■ WHAT YOU NEED TO DO:
An exact copy of every record, without the pictures, is what should come back.

━━━━━━━━

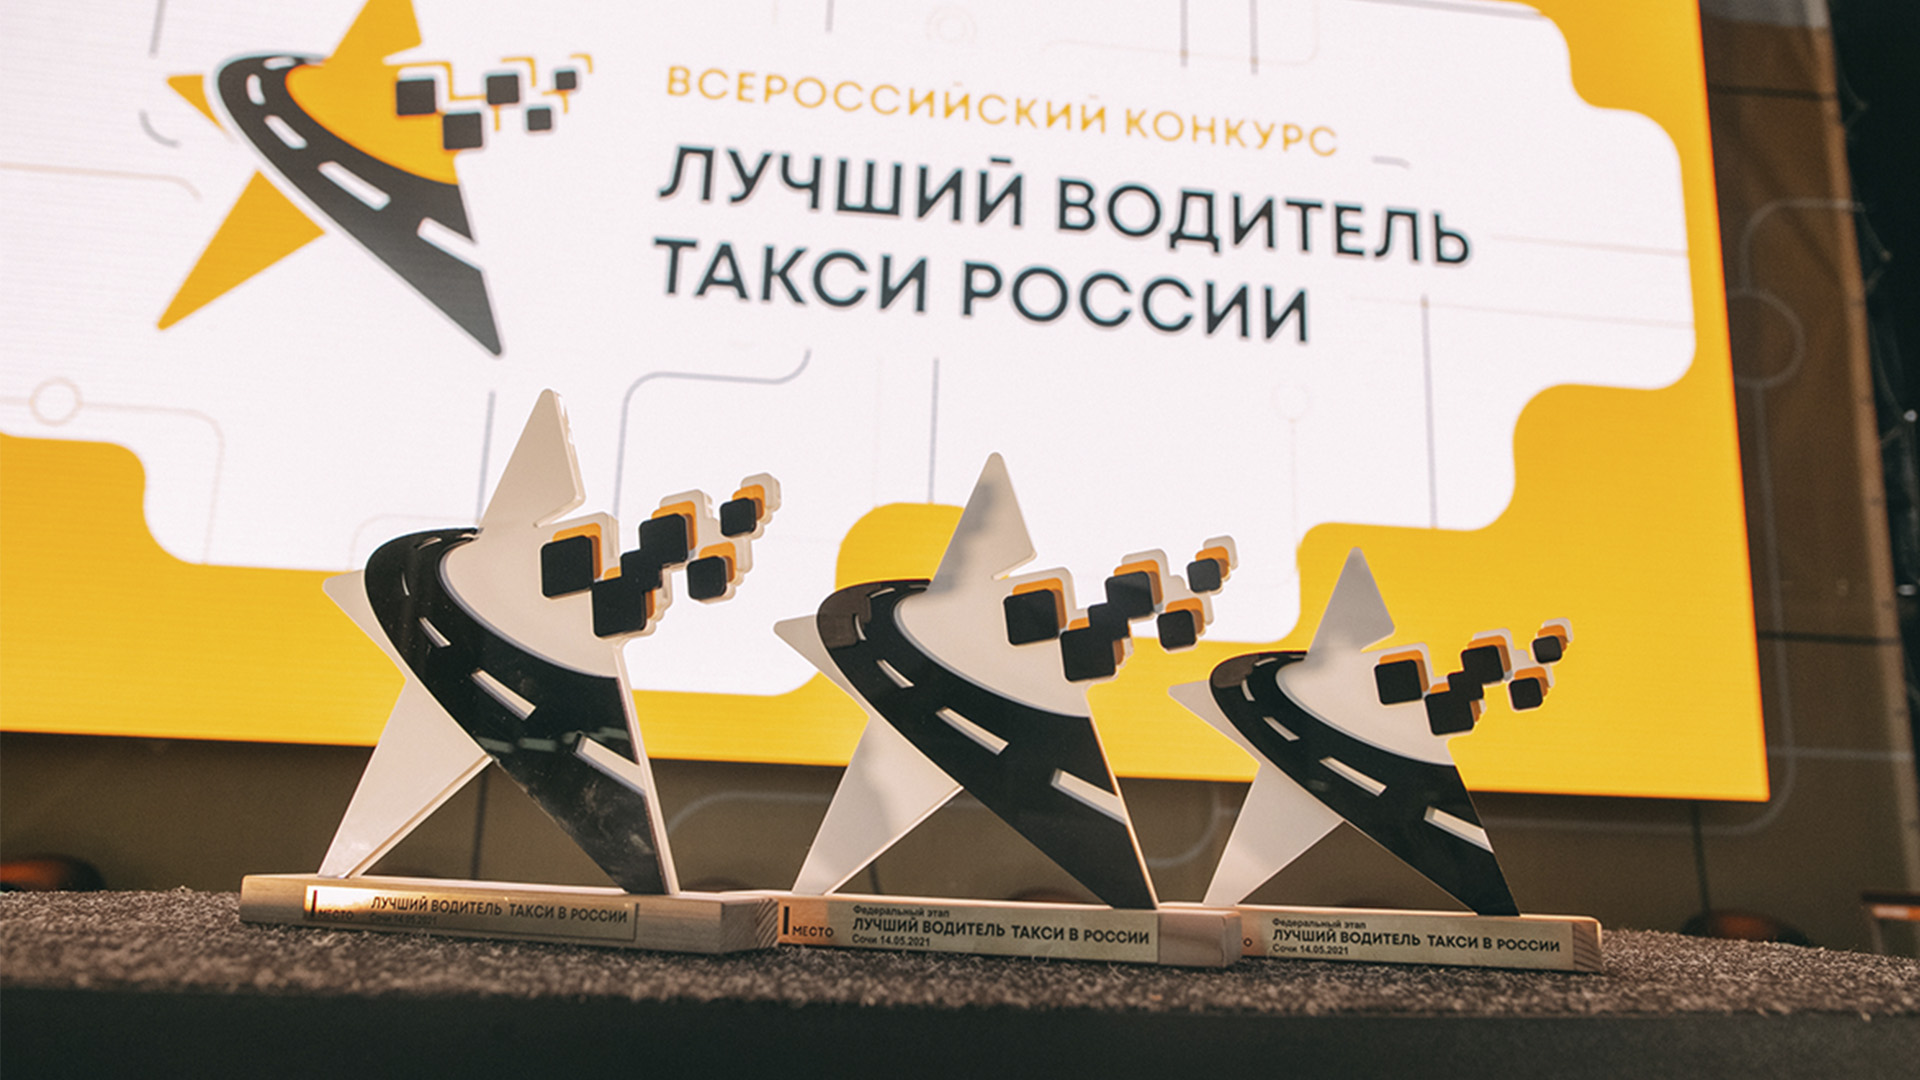 В апреле пройдут региональные этапы конкурса «Лучший водитель такси в России»
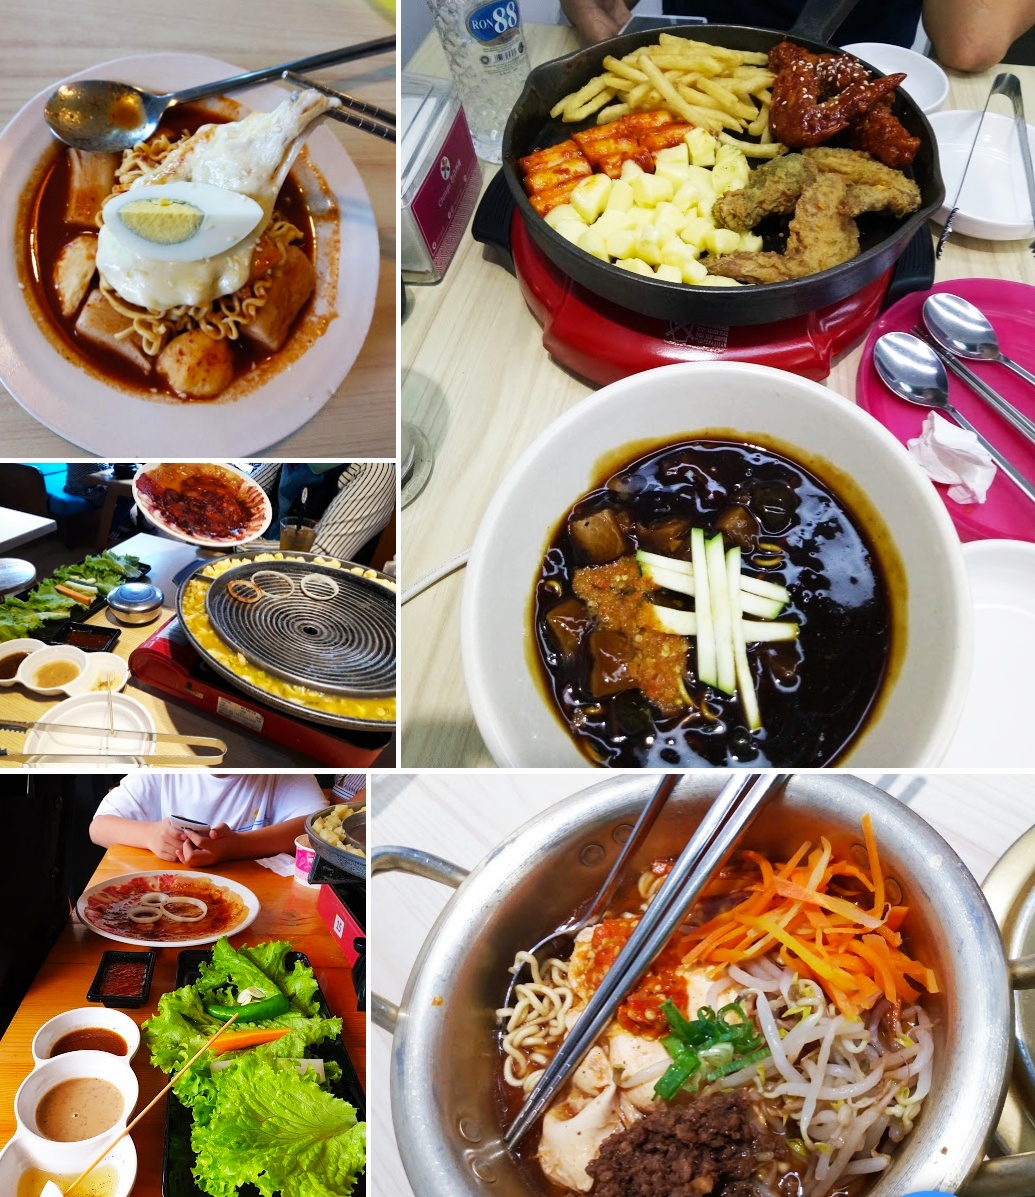  Chingu  Cafe  Ala Korea Sajikan Makanan Tak Mengandung B2 
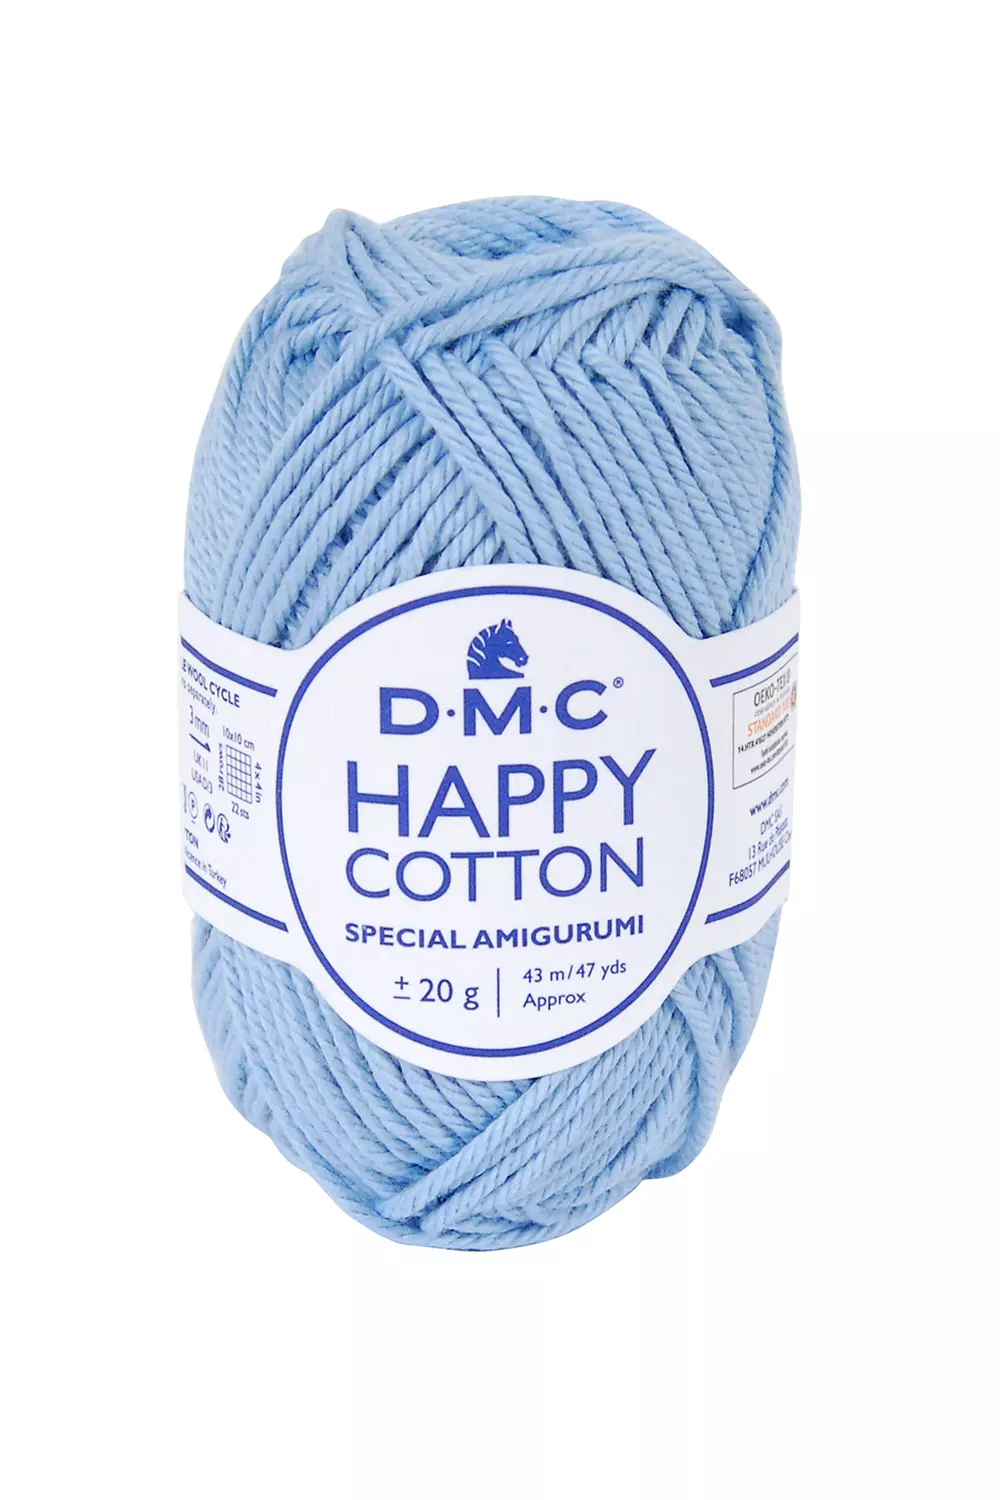 Cotton Yarn Knitting Amigurumis, Crochet Amigurumi Thread
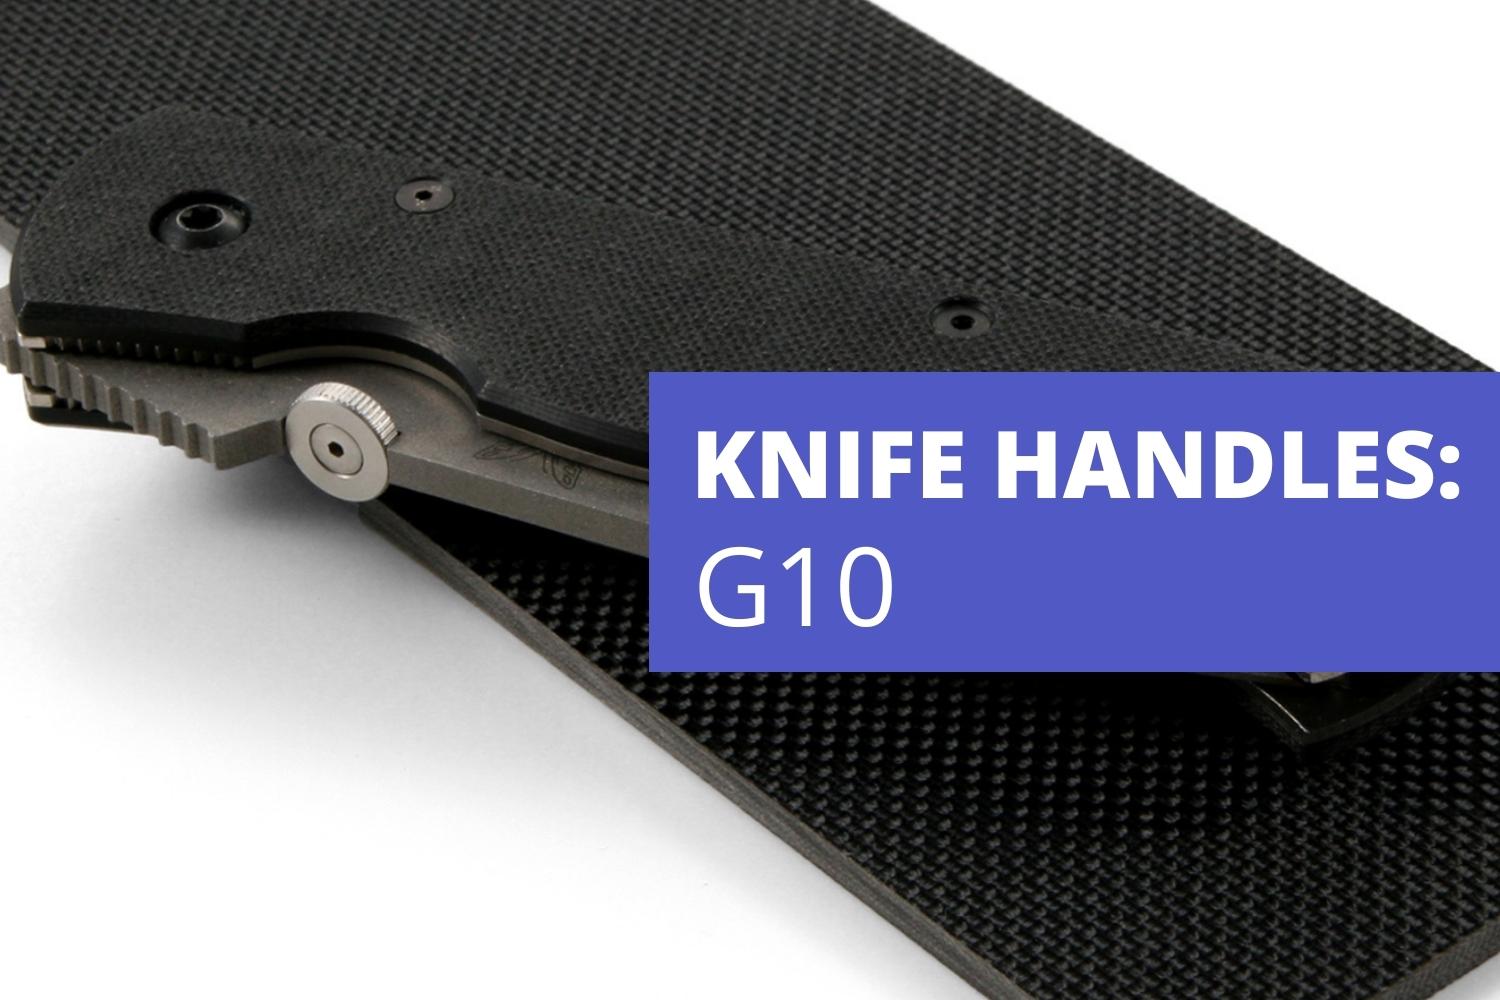 http://www.koiknives.com/cdn/shop/articles/KITCHEN-KNIFE-HANDLE-MATERIALS-G10.jpg?v=1659750988
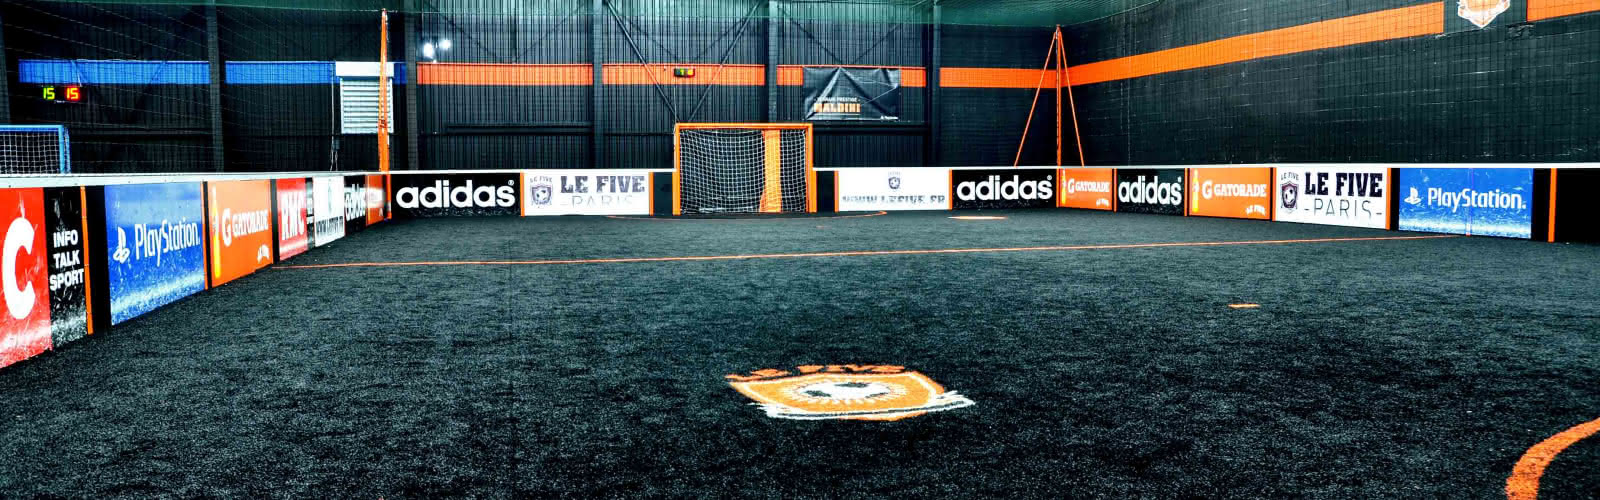 Le Five, terrain de football en gazon synthétique, ouvert à tous, différents lieux en Ile-de-France 2016

━━━━━━━━

■ EXERCISE RESPONSE:
 В апреле пройдут региональные этапы конкурса «Лучший водитель такси в России»
  Chingu  Cafe  Ala Korea Sajikan Makanan Tak Mengandung B2 
 Cotton Yarn Knitting Amigurumis, Crochet Amigurumi Thread
 http://www.koiknives.com/cdn/shop/articles/KITCHEN-KNIFE-HANDLE-MATERIALS-G10.jpg?v=1659750988
 Le Five, terrain de football en gazon synthétique, ouvert à tous, différents lieux en Ile-de-France 2016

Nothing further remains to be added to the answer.